Osho overwhelms readers with the concept of Awareness–as he should. Real awareness is very difficult to achieve and something people (maybe excluding Buddhas) must work for in every present moment. One of the best ways to achieve this concept of awareness is meditation. And, as Osho points out, there are several key points to remember along the way…
You are alive only in the proportion that you are aware. Awareness is the difference between death and life. You are not alive just because you are breathing; you are not alive just because your heart is beating.
We all know this is true. Zach Sobiech just taught the world this lesson over the last 24 hours.

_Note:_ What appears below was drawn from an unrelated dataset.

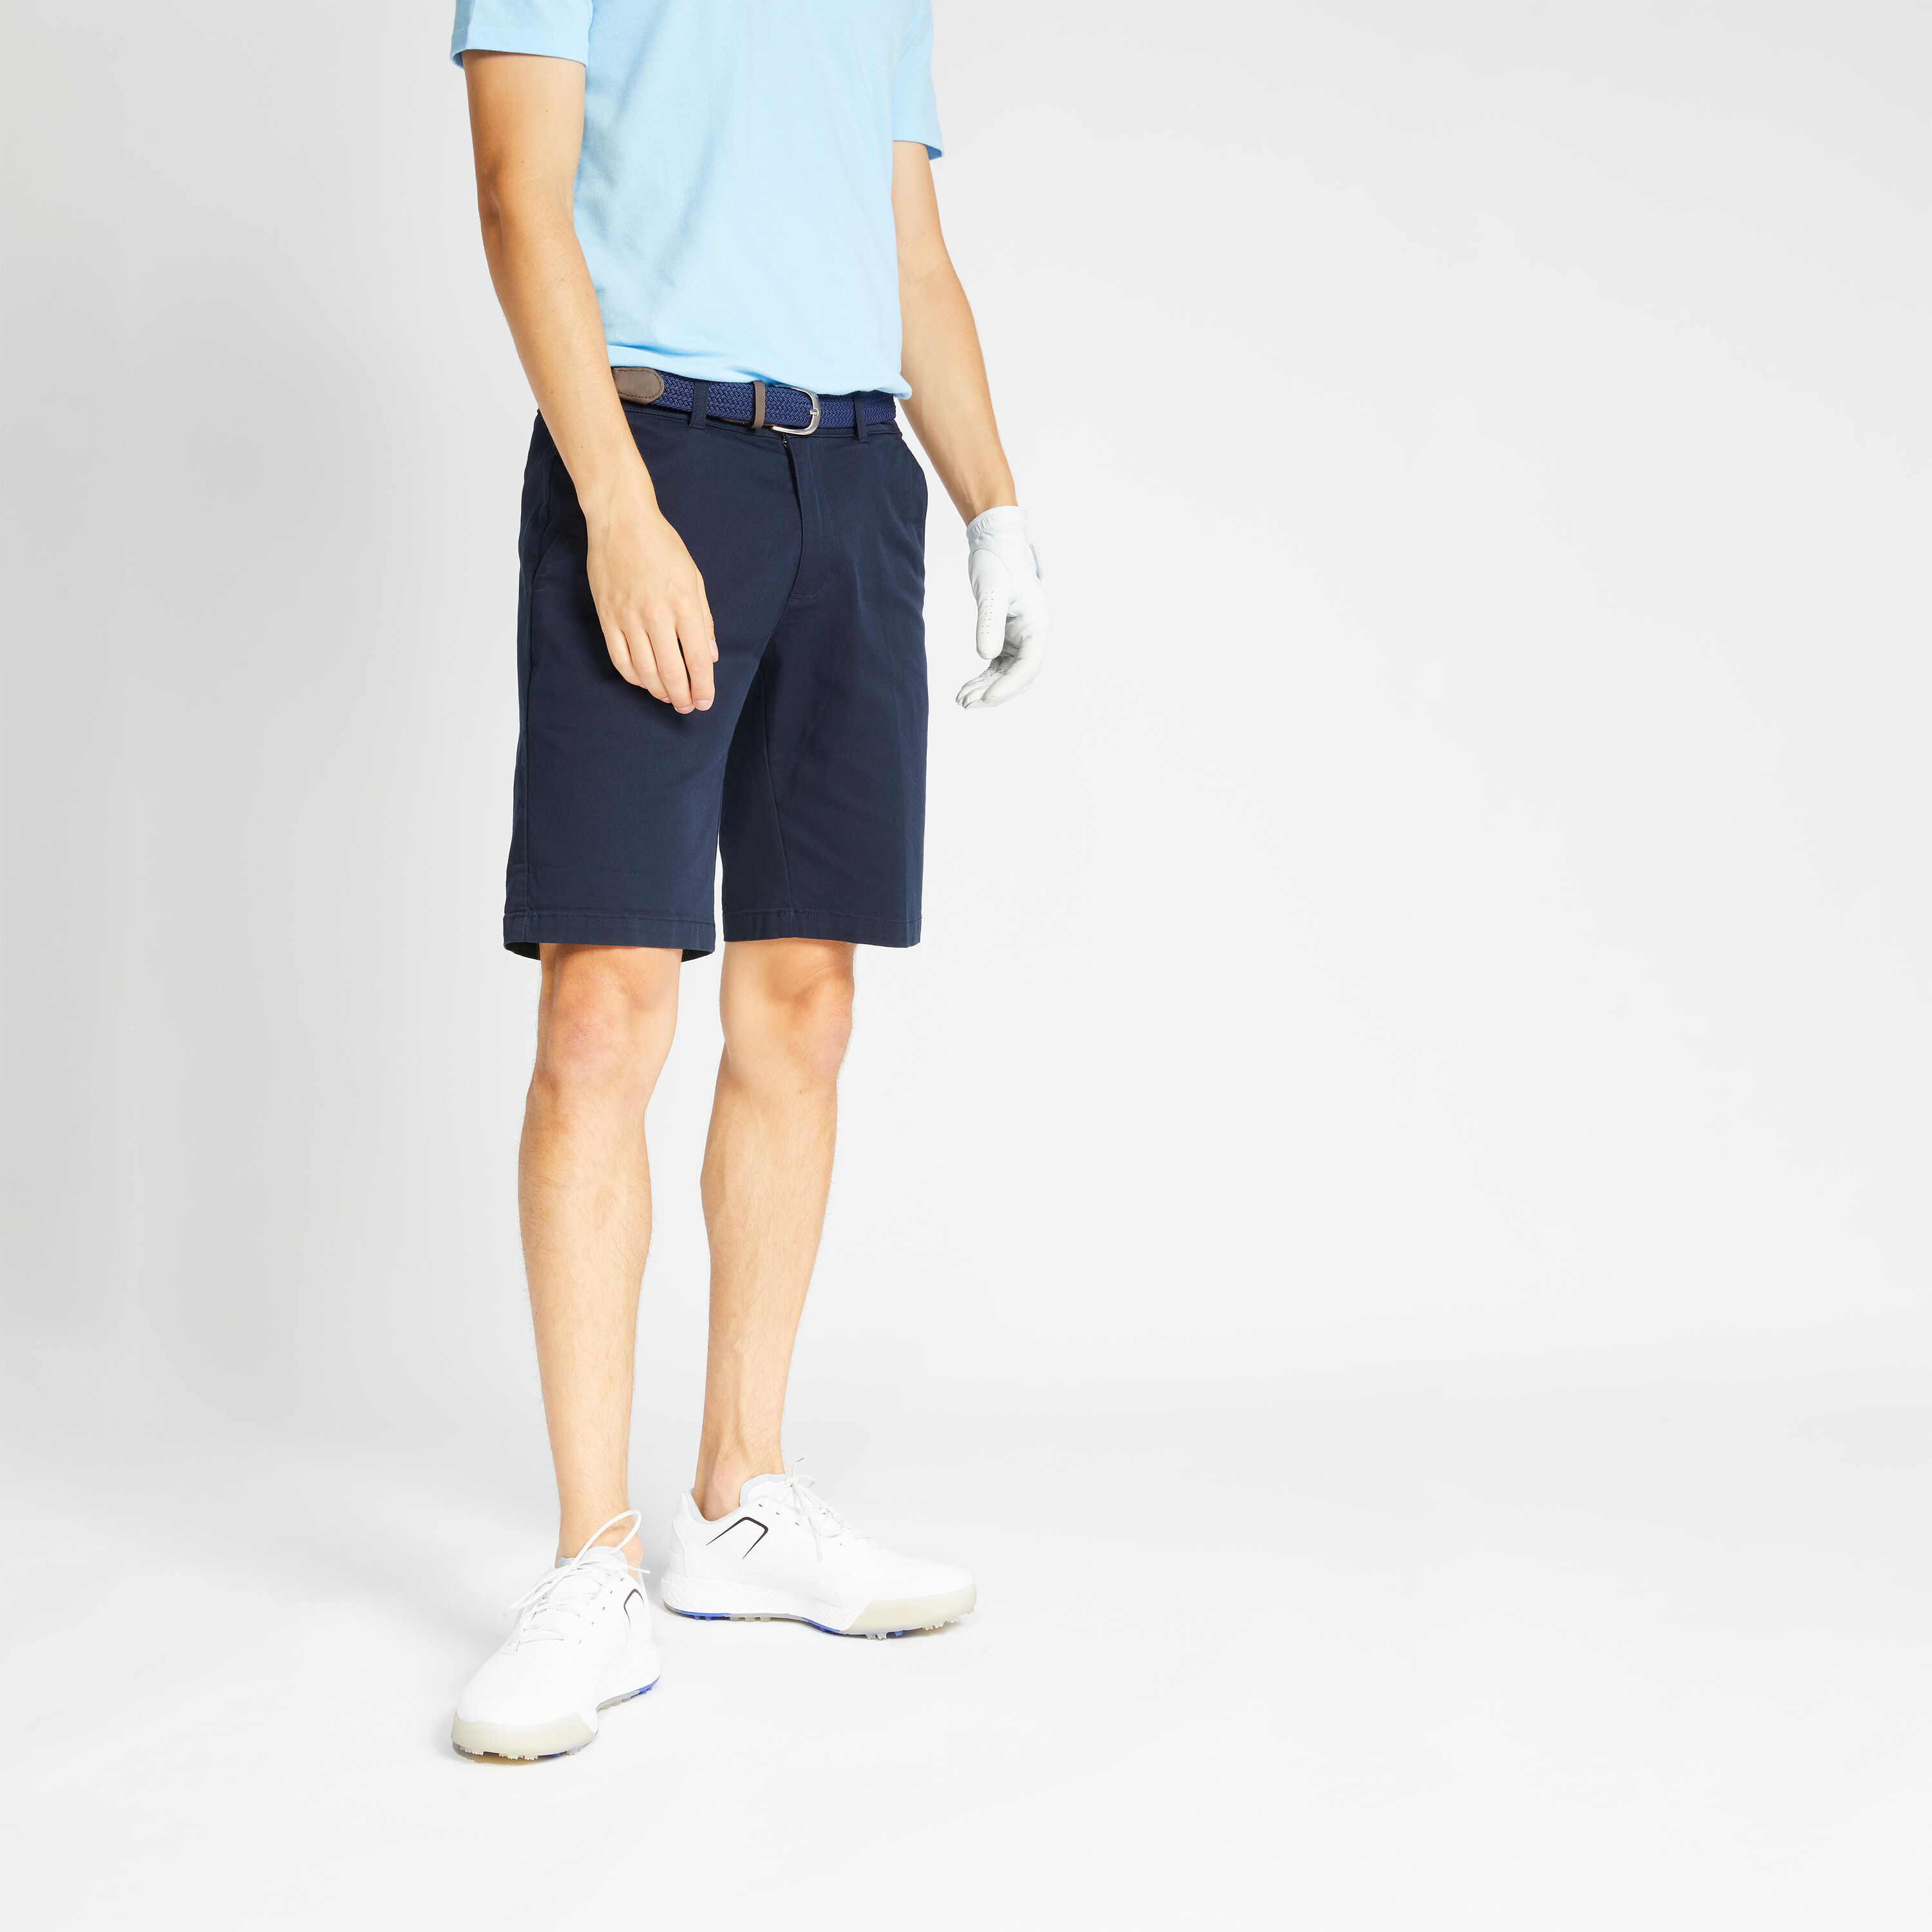 INESIS Men's Chino Golf Shorts - MW500 navy blue

He’s not the only one though. So many people throughout our lives teach us this concept and somehow so many people manage to continue doing things they don’t enjoy doing. All because of fear, of failure, rejection, etc.
Why? Also, who cares?
Rejection is out of weakness—you are afraid. Stronger people would like to absorb everything that life gives. Religious, irreligious, moral, immoral, divine, devilish—it makes no difference; the strong person absorbs everything. And he [or she] is richer for it.
The next time you are faced with a decision that sparks concern(s) of rejection, keep it simple. Do what you are afraid to do. There is no chance for rejection when it will only make you stronger.
Control is a poor substitute for awareness, a very poor substitute; it doesn’t help much.
Awareness has nothing to do with being in control.
The world is beautiful, adventurous; it is a challenge, it enriches. Don’t lose that opportunity—whenever the world knocks at your door and calls you, go out. Go out fearlessly—there is nothing to lose, there is everything to gain. But don’t get lost. Don’t go on and on and get lost; sometimes come back home.
Hold that head up high, focus on what you have within, and go, go, go!